In a statement released by Seattle PD on Wednesday, Detective Aimee LaClaire described the Executive Board’s decision as “discriminatory, demeaning, hateful and antiquated.”
“It is heartbreaking as a human race that we are going backwards in terms of tolerance, acceptance, and inclusivity,” Det. LaClaire said. “Those who have a history of being oppressed should know better than anyone how it feels to be discriminated against.”
She explained that it was especially hurtful because they are singling out Seattle police officers while allowing other city employees to represent their departments.
The Pride Executive Board claimed that the reason they decided to ban Seattle PD was due police officers’ involvement with Stonewall. However, Det. LaCLaire said that she and her wife chose to get married on Stonewall Sunday in honor of the gay rights movement and slammed the board for not evolving.

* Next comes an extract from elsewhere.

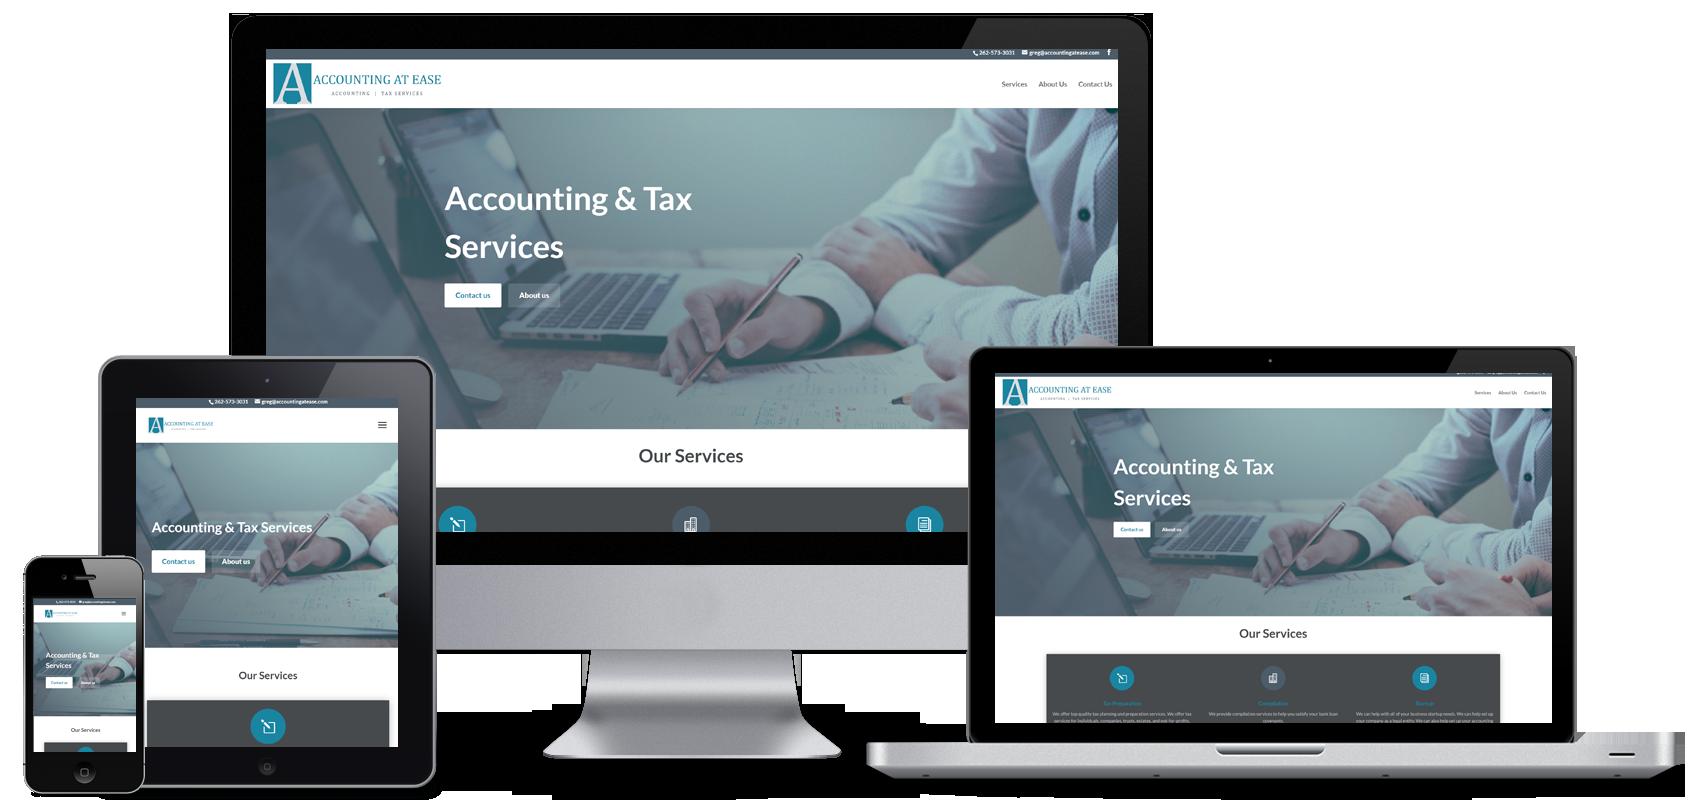 Accounting At Ease Grafton WI

“I would expect the gay pride board members would be evolved enough to allow me to march in the parade despite the fact that I am a cop. In fact, they should honor the progress that has been made by the sacrifices of those before us,” LaClaire said. “They should be proud that there are so many gay members within the rank and file of the Seattle Police Department. They should feel honored that we want to march with the community members we have sworn to protect and serve.”
The annual Pride event is an important day for Seattle police officers to engage in community outreach, while also showing the department’s diversity.
But because Seattle PD officers will not be allowed to march in the parade representing the department, Chief Diaz announced that officers have “respectfully declined” to participate.
Although the Executive Board has banned police from attending the parade in uniform, Chief Diaz said that uniformed officers will be visible throughout the event to provide public safety and to ensure a “hate-free” gathering for all in attendance.
LGBTQ officers that wished to remain anonymous also wrote statements explaining their disappointment:
“I am a Pacific Northwest Native American and I am gay. I also am a police officer and I have dedicated my life to making other people’s lives better, and I risk my own life to ensure that people are safe.? While this is slowly changing, law enforcement is a profession that has been and still is dominated by white, straight, masculine men. While it is easy to see that I am a person of color, knowing that I am gay isn’t something you might see, so I am out and proud about it so that people know I am also gay. I am the change that people have asked for both within the LGBTQ+ community and out,” an officer stated.
“While nobody claims that the Seattle Police Department has been perfect, we are made up of individuals from the community in which we also live. Every day as society grows and learns, so do we. SPD has been and continues to be a national model for the inclusion of minorities within our ranks –from our civilian rolls to officers who then become supervisors and commanders,” said another.
One officer described the discrimination as being told to “go back into the closet,” detailing the hurt surrounding having to hide their profession.
“As a member of the LGBTQ+ community, it’s constantly being said how inclusive that community is – unless you are a police officer… To go back into the closet and hide what I do, which is a portion of my identity, is so hurtful… I continue to be visible and be that ever-so-important representation within law enforcement because I believe being a visible police officer who is a member of the LGBTQ+ community and a person of color is more important than the shame some members of my LGBTQ+ community would put on me.”
Last year, Pride did not just discriminate against Seattle PD. Event organizers targeted white people and made them pay “reparations” to attend, while BIPOC community members got to attend for free.